- Provided entries:
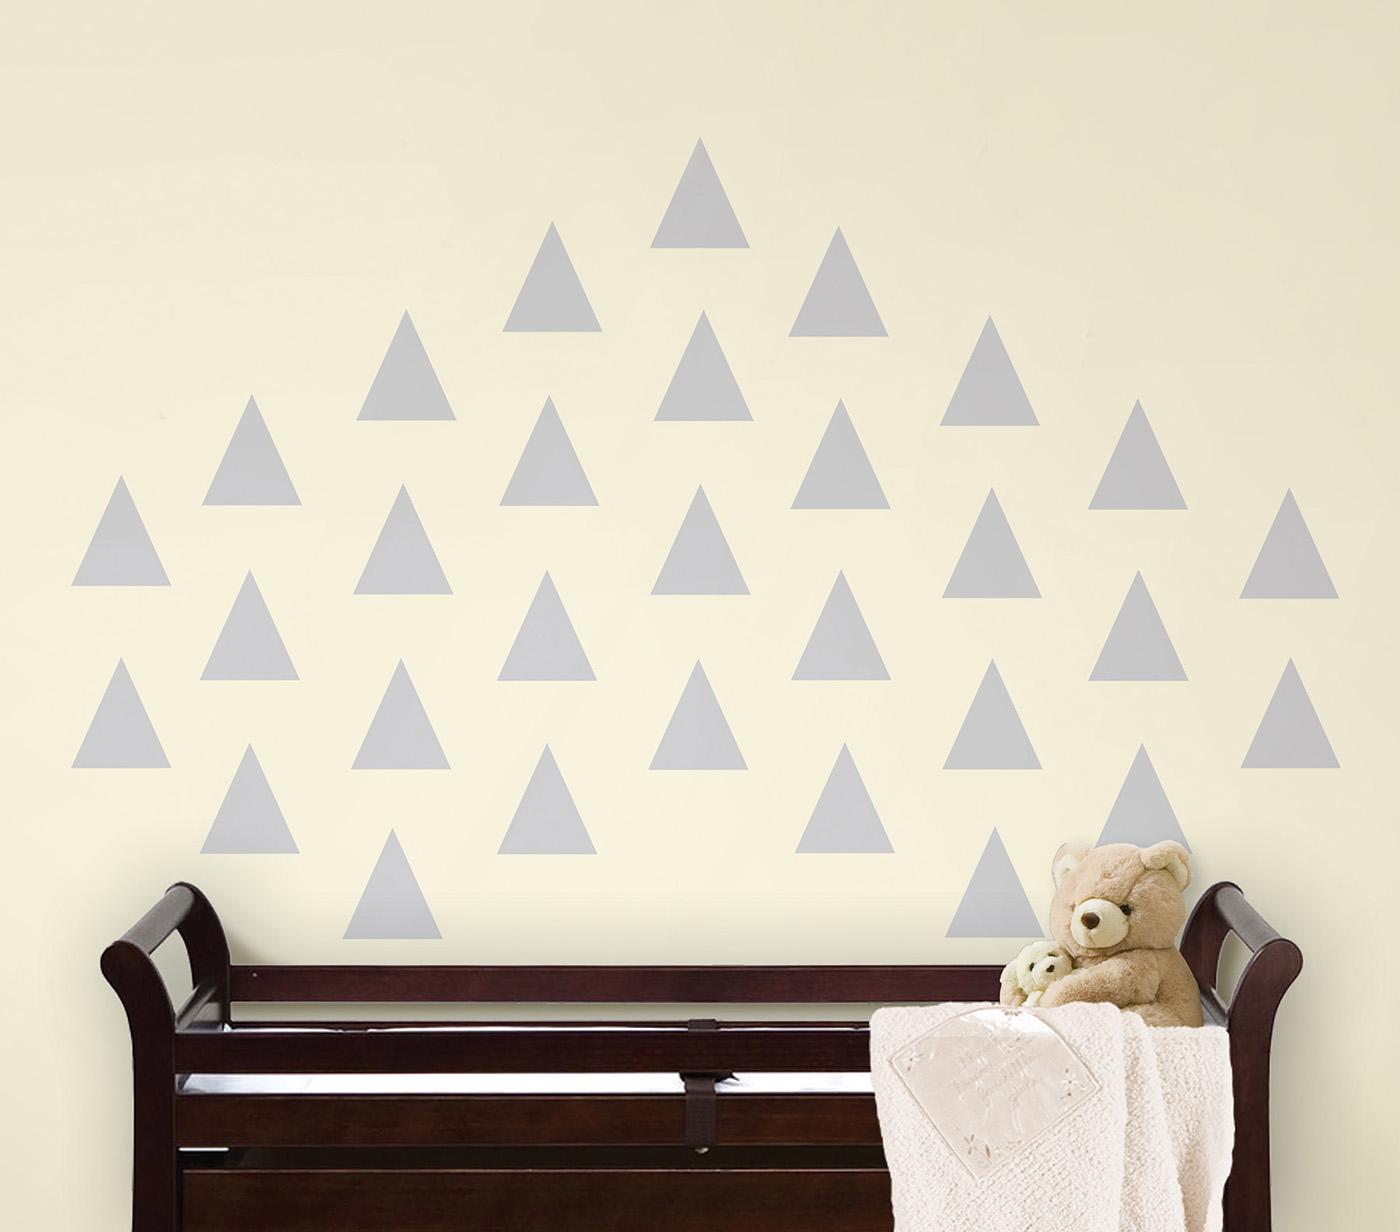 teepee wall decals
==
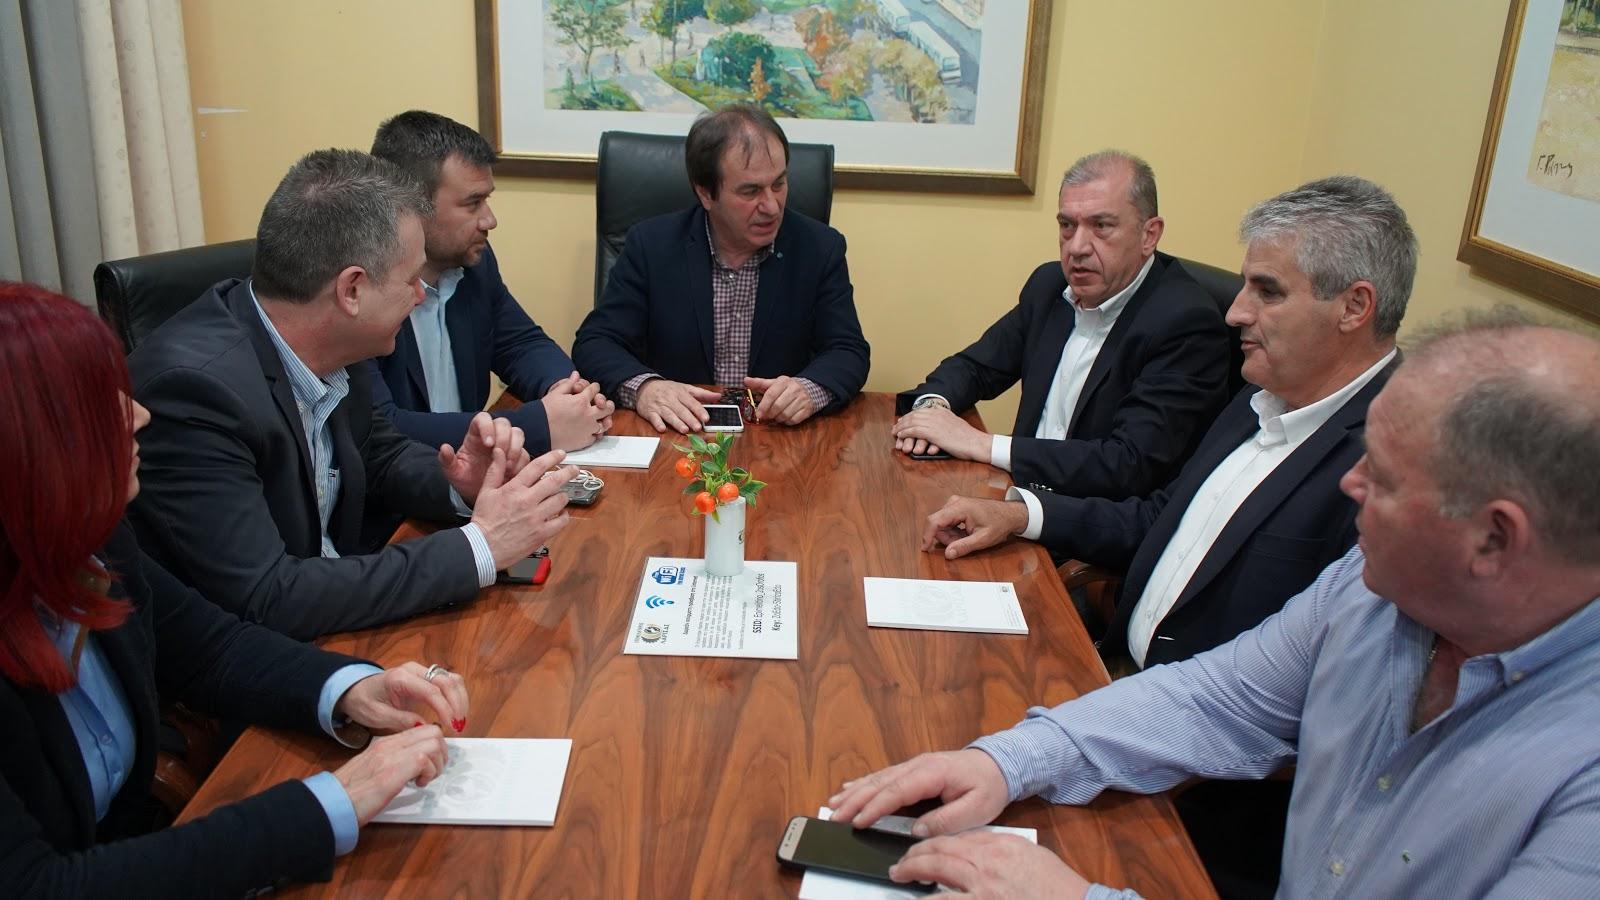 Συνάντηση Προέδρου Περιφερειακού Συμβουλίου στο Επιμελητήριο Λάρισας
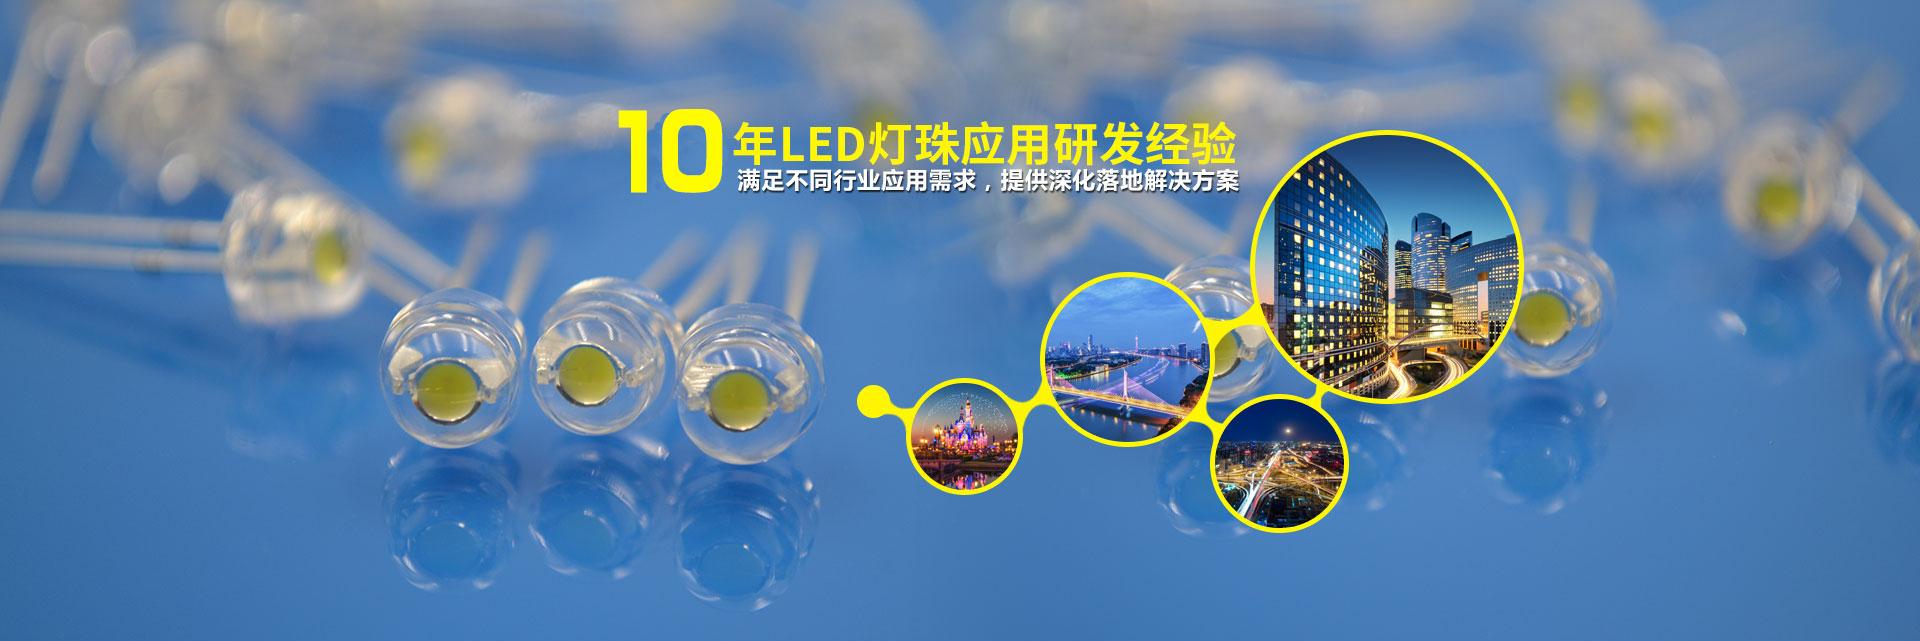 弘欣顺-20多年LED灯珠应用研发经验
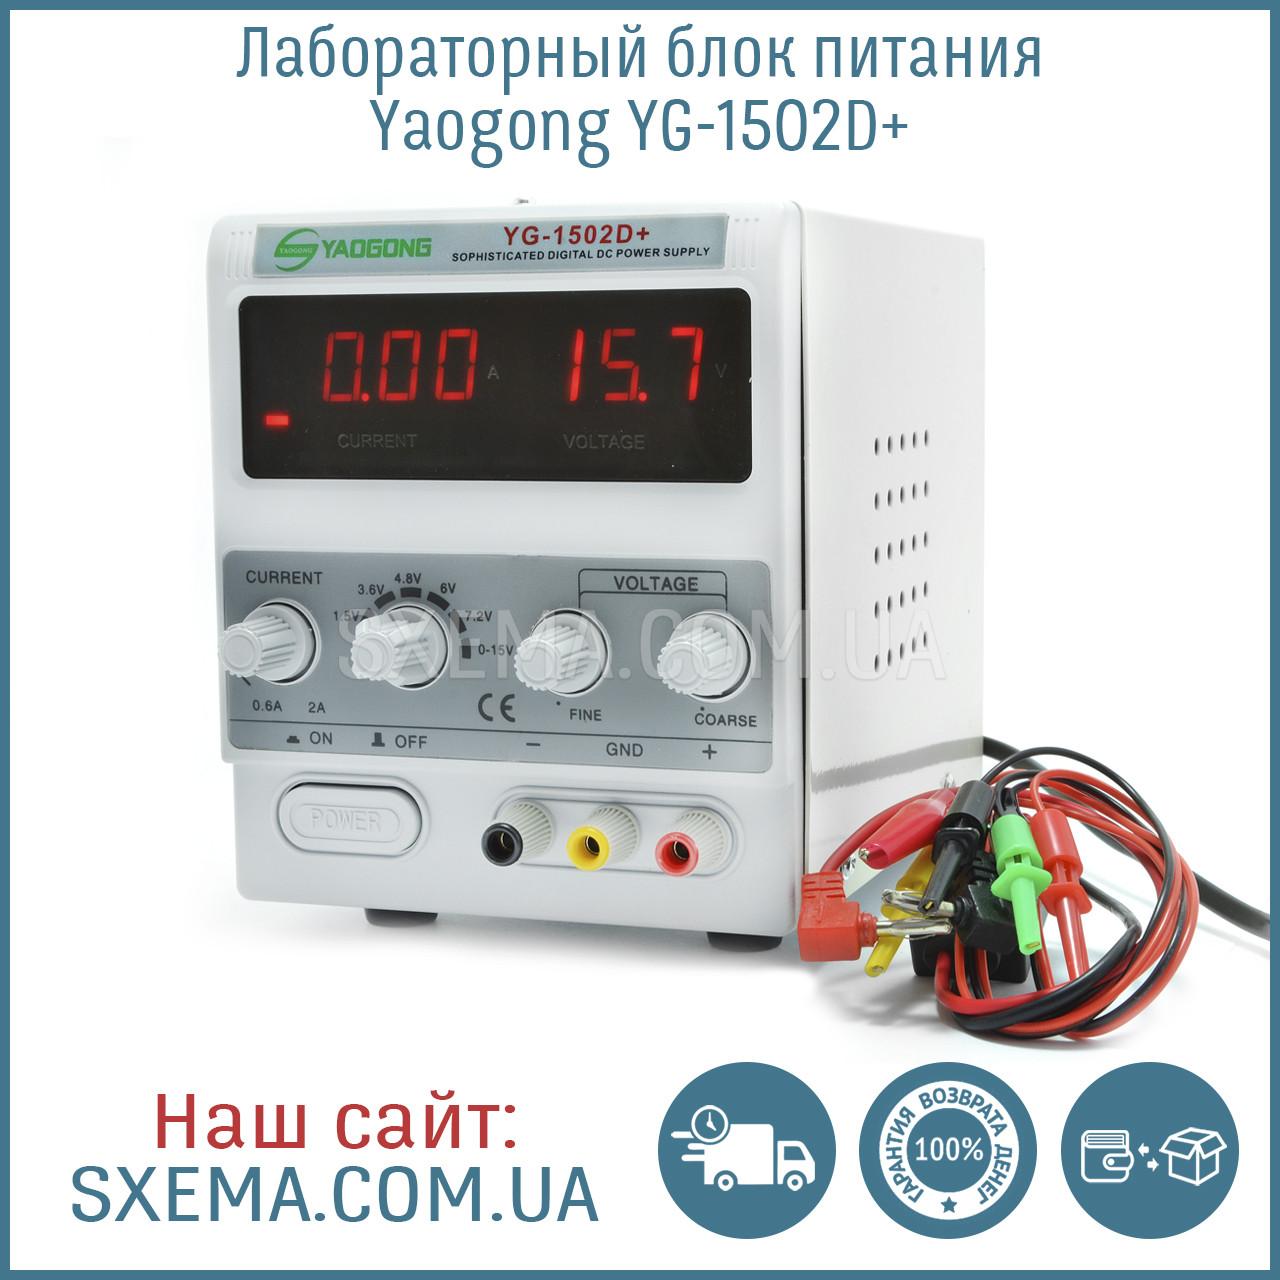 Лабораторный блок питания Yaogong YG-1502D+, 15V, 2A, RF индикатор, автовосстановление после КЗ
--
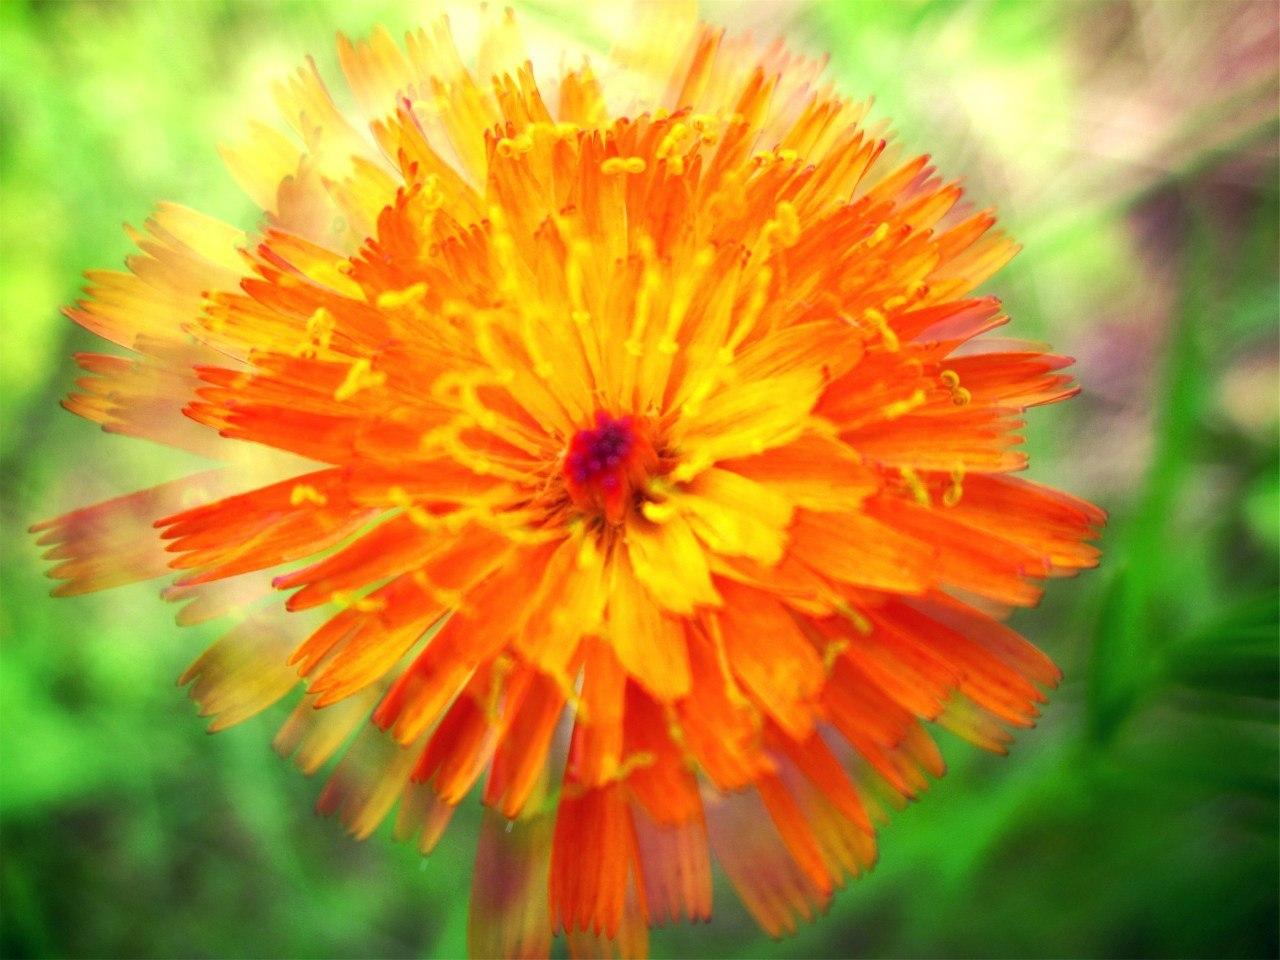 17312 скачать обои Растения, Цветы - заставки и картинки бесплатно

- Activity:
Leave the pictures out. Output, exactly, the lines of the material above starting at the line containing "弘欣顺-20多年LED灯珠应用研发经验" and ending at the line containing "Лабораторный блок питания".

- Expected answer:
 弘欣顺-20多年LED灯珠应用研发经验
 Лабораторный блок питания Yaogong YG-1502D+, 15V, 2A, RF индикатор, автовосстановление после КЗ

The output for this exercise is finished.